Stress Testing Choirless Render Pipeline
Matt Hamilton
Posted on July 25, 2020
I've been working on a Call for Code project, called Choirless. I've written a number of posts on here about IBM Cloud Functions, which are used for most of the render pipeline. A few weeks ago we did the "alpha" release of Choirless.
Since then, we've had a number of people contact us about using Choirless. From barbershop choirs to marching bands. At the larger end of the scale, the marching bands have around 100-120 musicians performing at once.
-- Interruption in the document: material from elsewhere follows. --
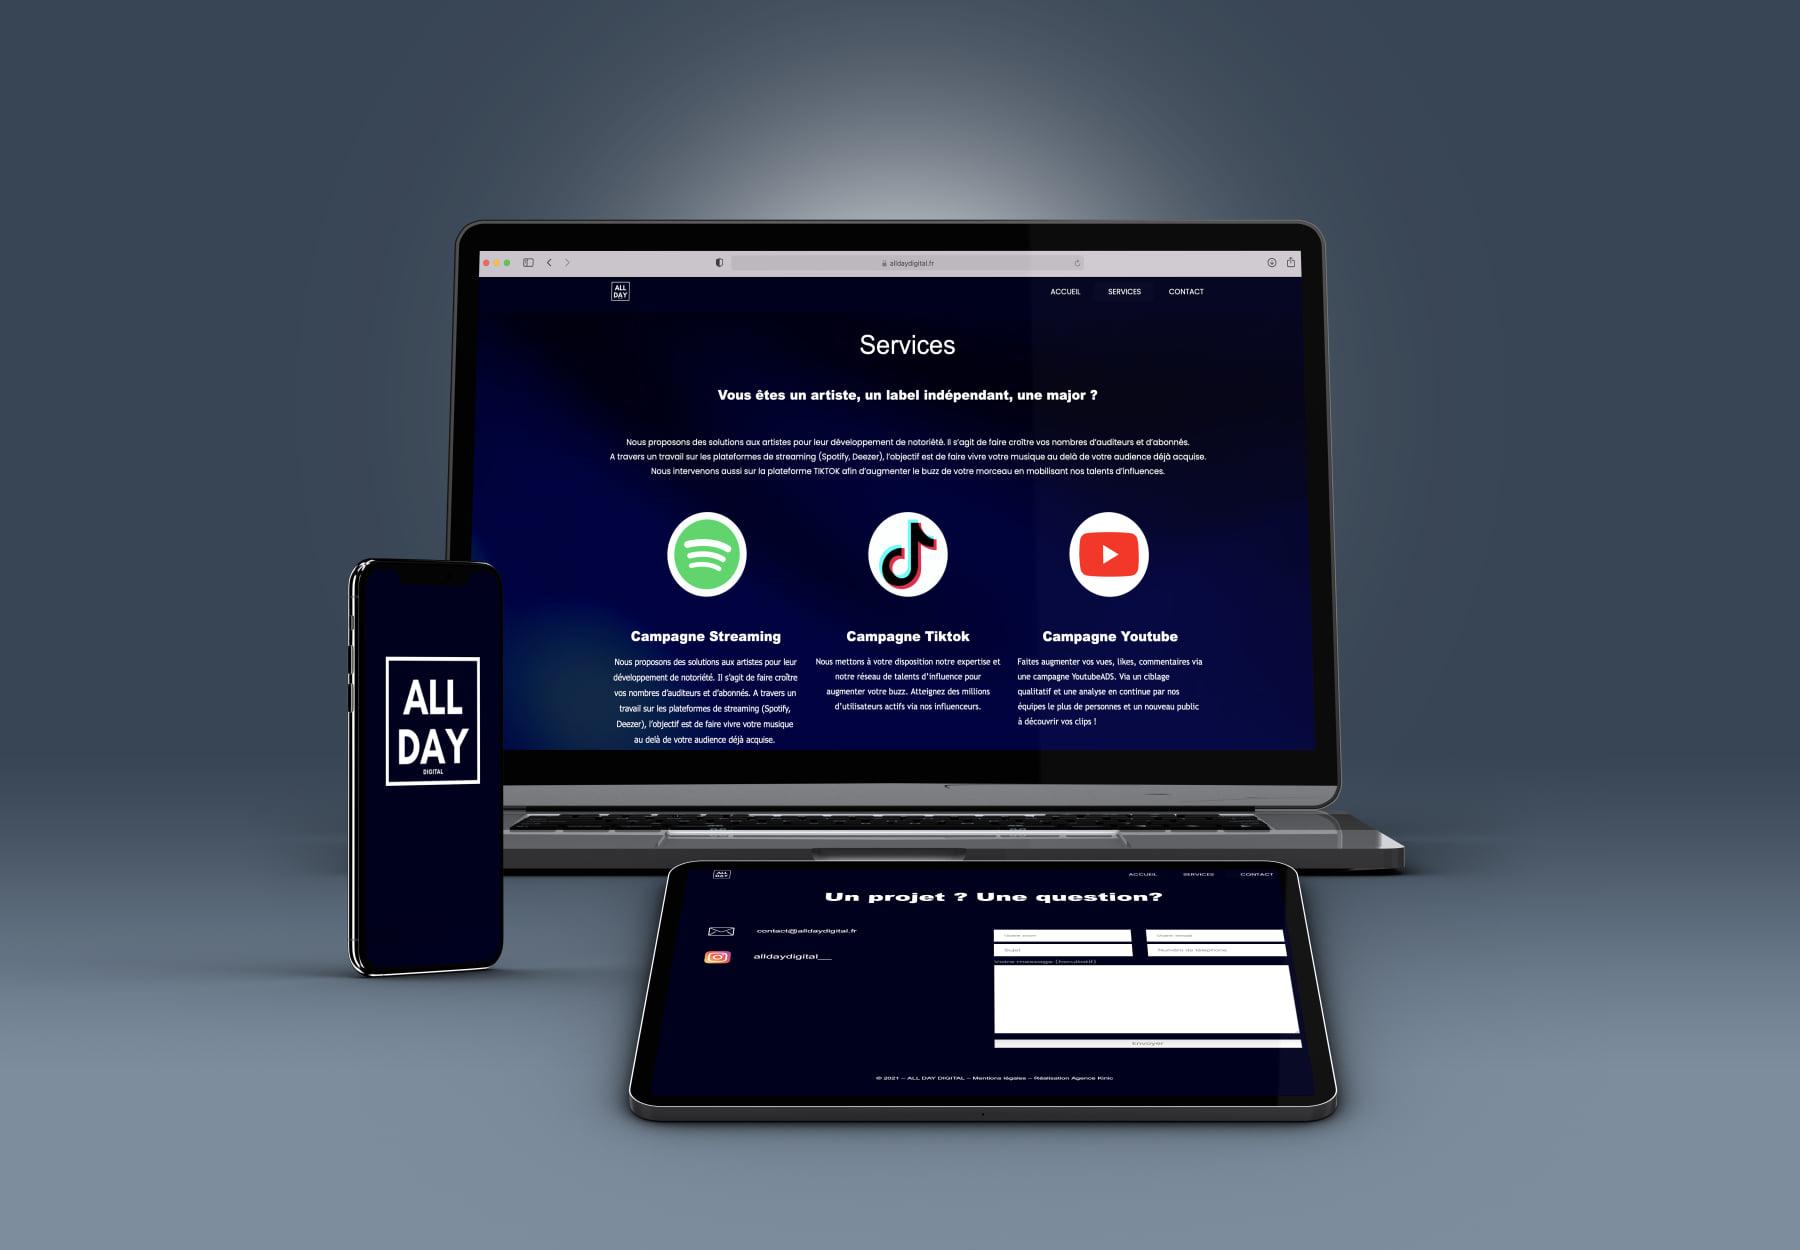 L'agence Kinic réalise le site Alldaydigital.fr

Could Choirless handle that many? Well... we certainly want it to, but out of interest could the 'alpha' version we've put together in the past 8 weeks cope with it? I decided to give it a try!
The rendering pipeline is a series of IBM Cloud Functions, that have triggers on IBM Cloud Object Storage (COS) buckets. So a file gets uploaded from the Choirless front end to the first COS bucket, and then a trigger fires calling a serverless function to process it and put the output in a different bucket. That bucket in turn has triggers on it, and so on. Until we get to the end.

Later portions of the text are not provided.